• Description of the task
For the entries that follow, restate word for word the line containing "Argentine barley exports", the line containing "Shoes Women Heels", and every line that lies between them.

• Exercise inputs
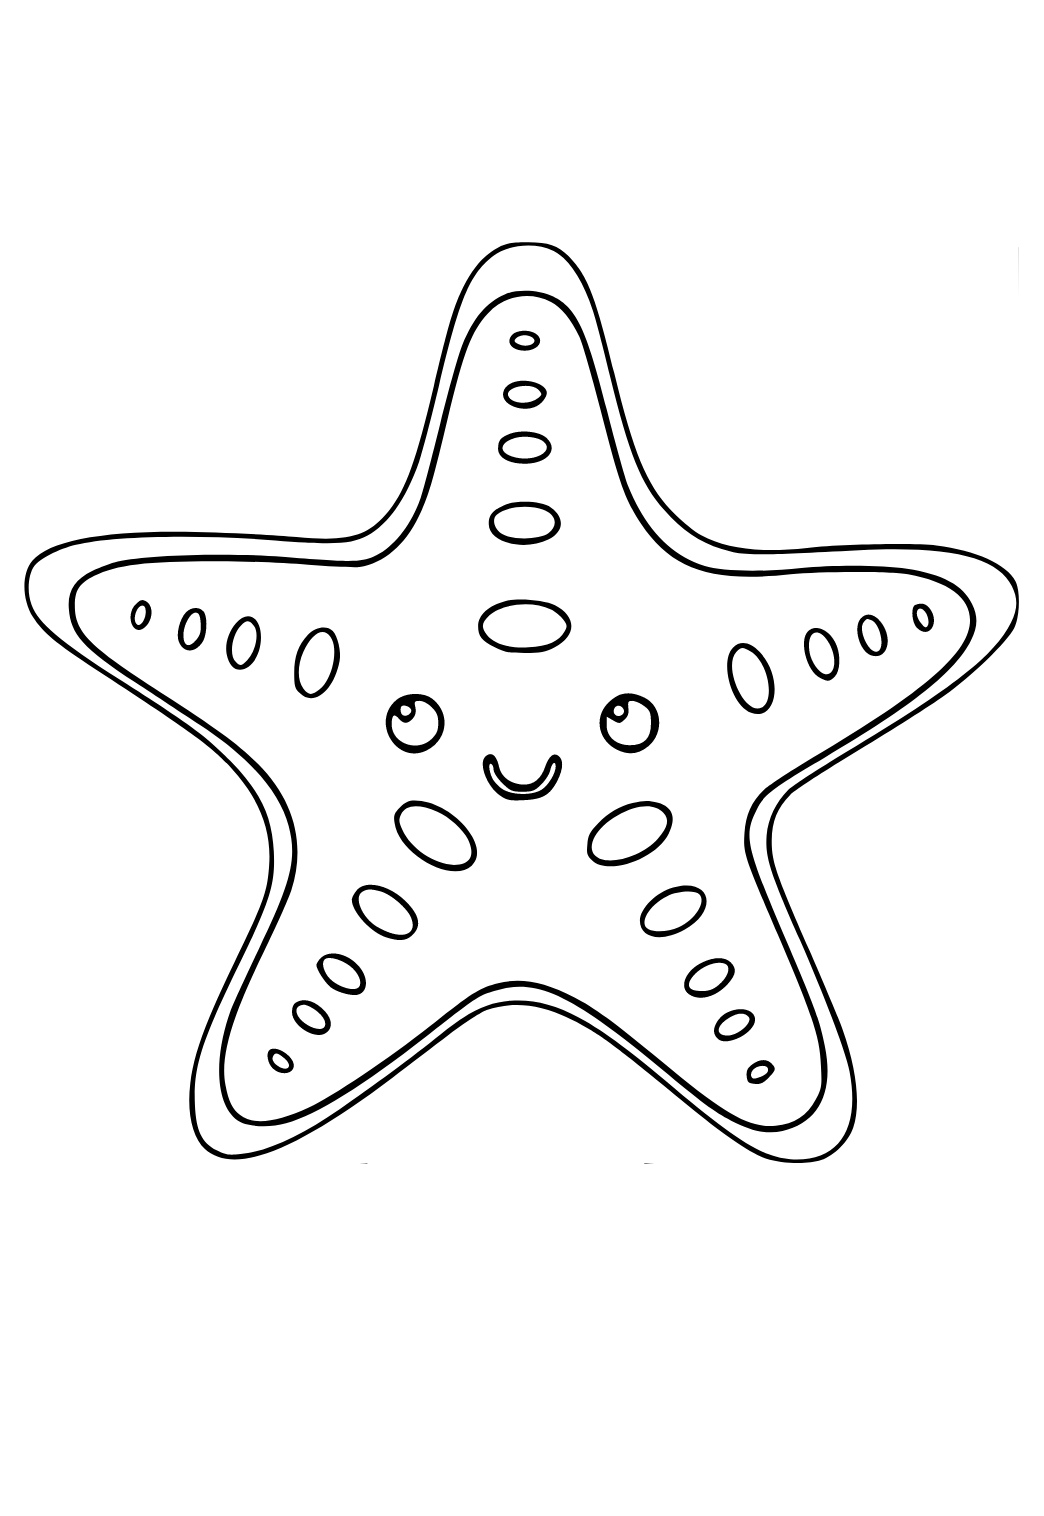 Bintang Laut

==

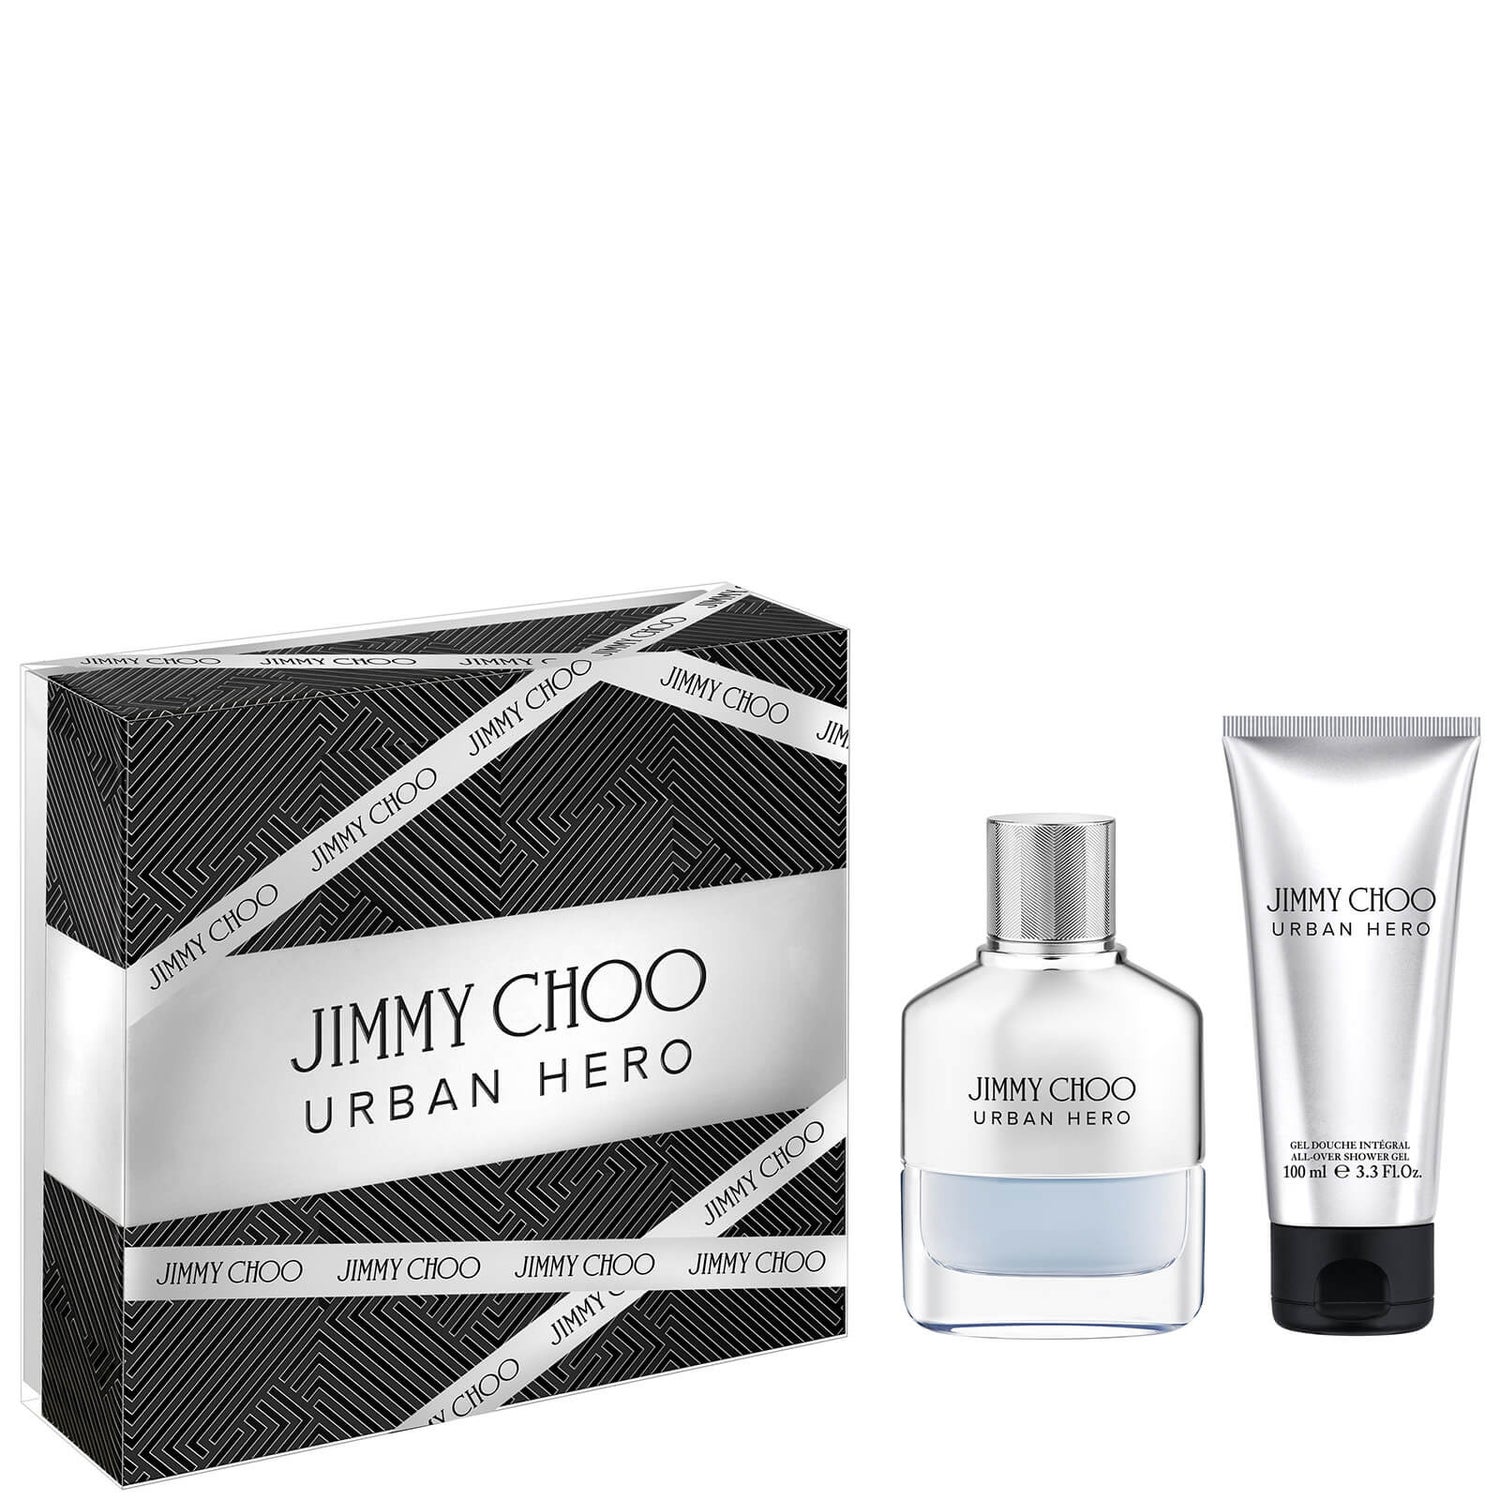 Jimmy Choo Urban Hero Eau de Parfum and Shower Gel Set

...

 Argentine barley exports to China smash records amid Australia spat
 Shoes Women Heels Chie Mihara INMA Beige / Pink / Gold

• Your solution
 Argentine barley exports to China smash records amid Australia spat
 Shoes Women Heels Chie Mihara INMA Beige / Pink / Gold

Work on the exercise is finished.